Negative emotions like anxiety can be really painful. I know because I felt anxiety and many other negative feelings intensely and frequently for most of my life. My depression seemed to take over my entire mind and body. It seemed to envelope me so completely that I felt as if there were no way to escape it. I also felt as if it would never end. My anxiety and depression was so great in my 20s that I thought about ending my life on many occasions.
Based upon the thousands of communications we’ve received in the past few years (and those we’ve read on several personal growth forums), it appears that many people are overwhelmed by negative feelings.
Although I’ve written about negative emotions several times in the past, see (https://www.mortylefkoe.com/neg-emotions/# and https://www.mortylefkoe.com/live-state-bliss/#), today I want to discuss emotions in a slightly different way in order to help free you from any that may be running your life.
Emotions seem justified
Have you noticed that we usually think our emotions are communicating some information, for example, if we feel afraid to take action, the fear seems to be telling us that taking action is dangerous? If we feel angry at something someone did, the anger seems to be telling us that that person did something to hurt us?

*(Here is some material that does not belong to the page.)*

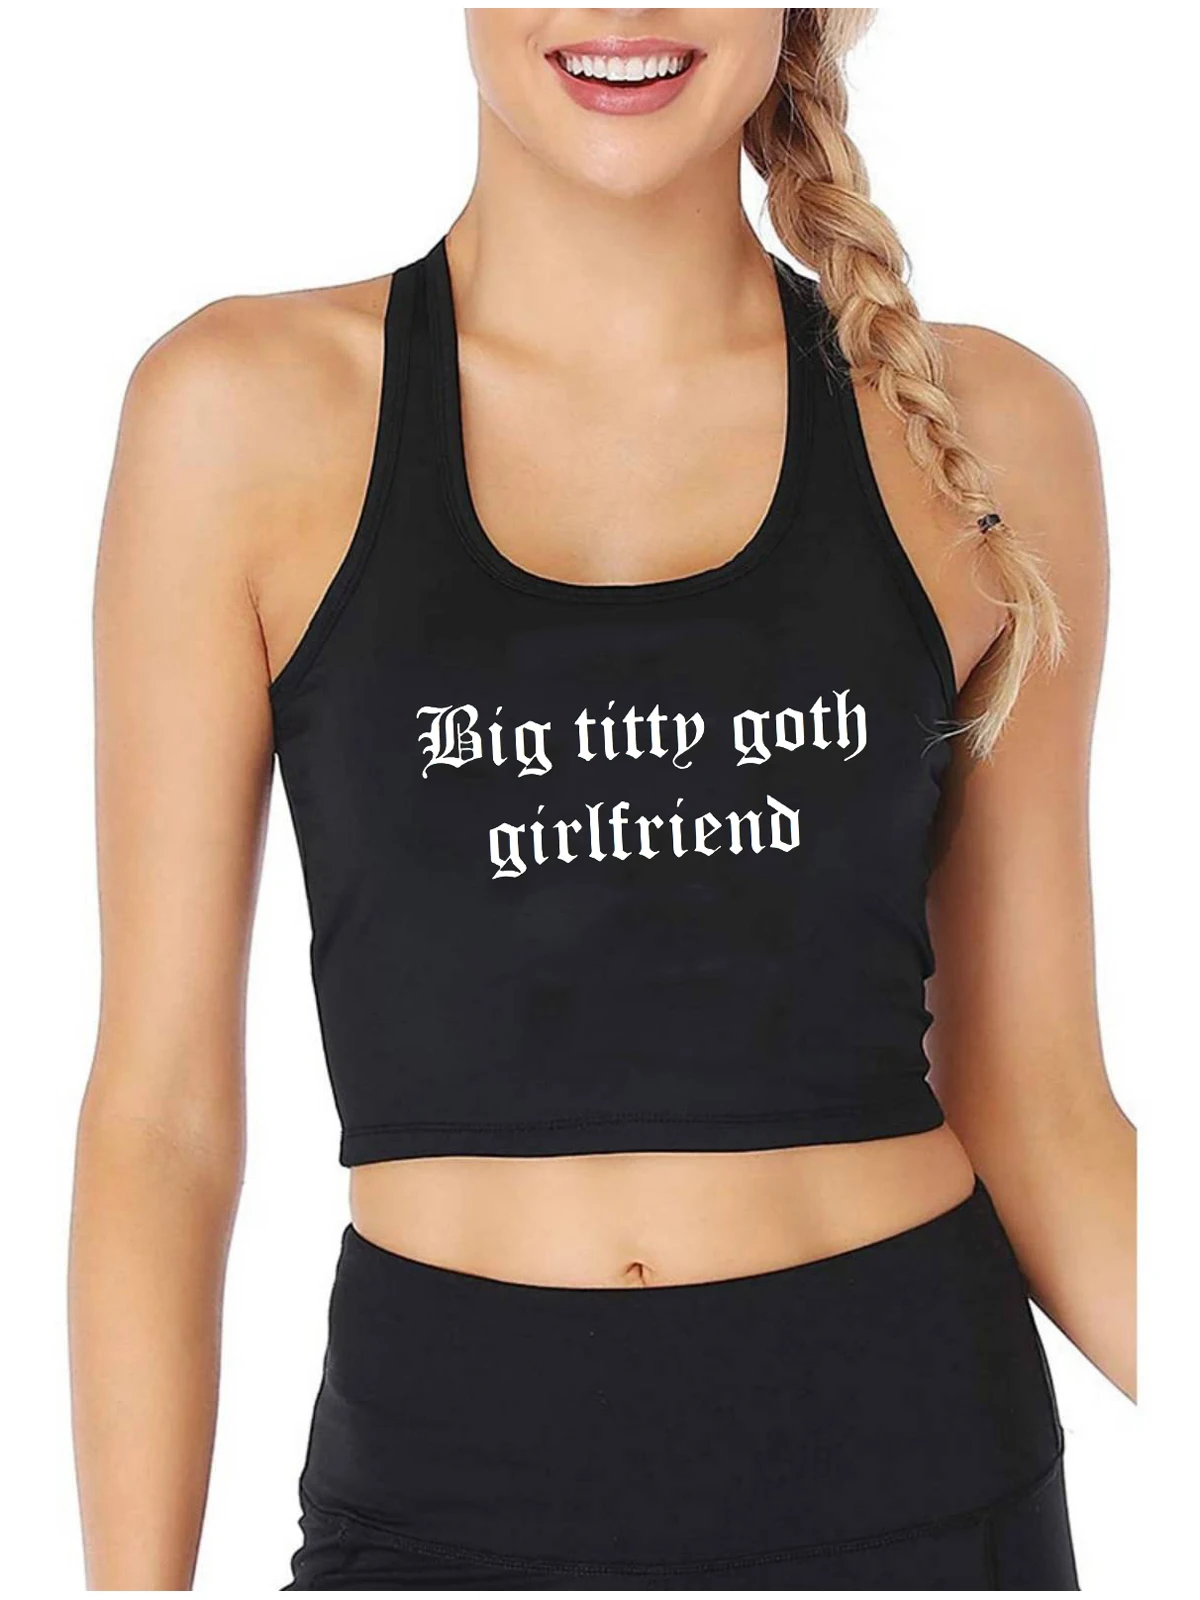 Big Titty Goth Girlfriend Cotton Sexy Slim Fit Crop Top Adult Humor Flirtatious Style Tank Tops Funny Sports Training Camisole

This results in us both wanting to get rid of the emotion because it feels so bad and, at the same time, wanting to hold on to the emotion because it seems we are “right” to feel it given our appraisal of the events. For example, did you ever notice that if you view doing something you’ve never done before as risky, it “makes sense” for you to feel anxiety? It’s almost as if you “should” feel anxious in that situation. If you think someone treated you unfairly, don’t you feel as if you “should” feel angry at them?
You create your feelings
If reality were really causing our emotions, this reaction would make perfect sense. In fact, however, because events have no inherent meaning, events can’t cause us to feel anything. Most feelings are the result of the meaning we attribute to events, not the events themselves.
For example, losing a job has no inherent meaning. It could mean we will never find another job and become destitute. It could mean it will take a lot of time and effort to find a job. It could mean we will find a better job where we will be much happier. It could mean we will change careers and discover we care more about the new career (and job) than we ever did about the old one. What does losing your job really mean? Until you give it a meaning, it has no inherent meaning.
If you give losing your job the meaning that you will never find another good one, you will be incredibly anxious. If you give it the meaning that you can now change careers to do what you always wanted to do and had been afraid to try, you will feel excited and turned on. And if you give the event no meaning at all, you will feel nothing at all.
Therefore, your feelings tell you nothing about yourself, life, reality, the future, etc. Your feelings tell you only one thing: That you have given meaning to an event. No meaning, no feelings.
And if your feelings are the result of the meaning you have given an event, then you create your feelings. And that news is about as good as you can get. Why? Because if you create your feelings, you can get rid of them.
As I’ve explained in detail before, when you distinguish the meaning you give events from the events themselves, the meaning will literally dissolve. And when the meaning dissolves, the emotions it causes will dissolve also. (See a short video that introduces my occurring course that describes in detail how this process works. http://occurringcourse.com. Please ignore the information about the scholarship, as the course isn’t being offered at this time.)
When you master the ability to make that distinction, you will have mastered life. I rarely experience anxiety or any other negative emotion any more. And if I can do it, you can too.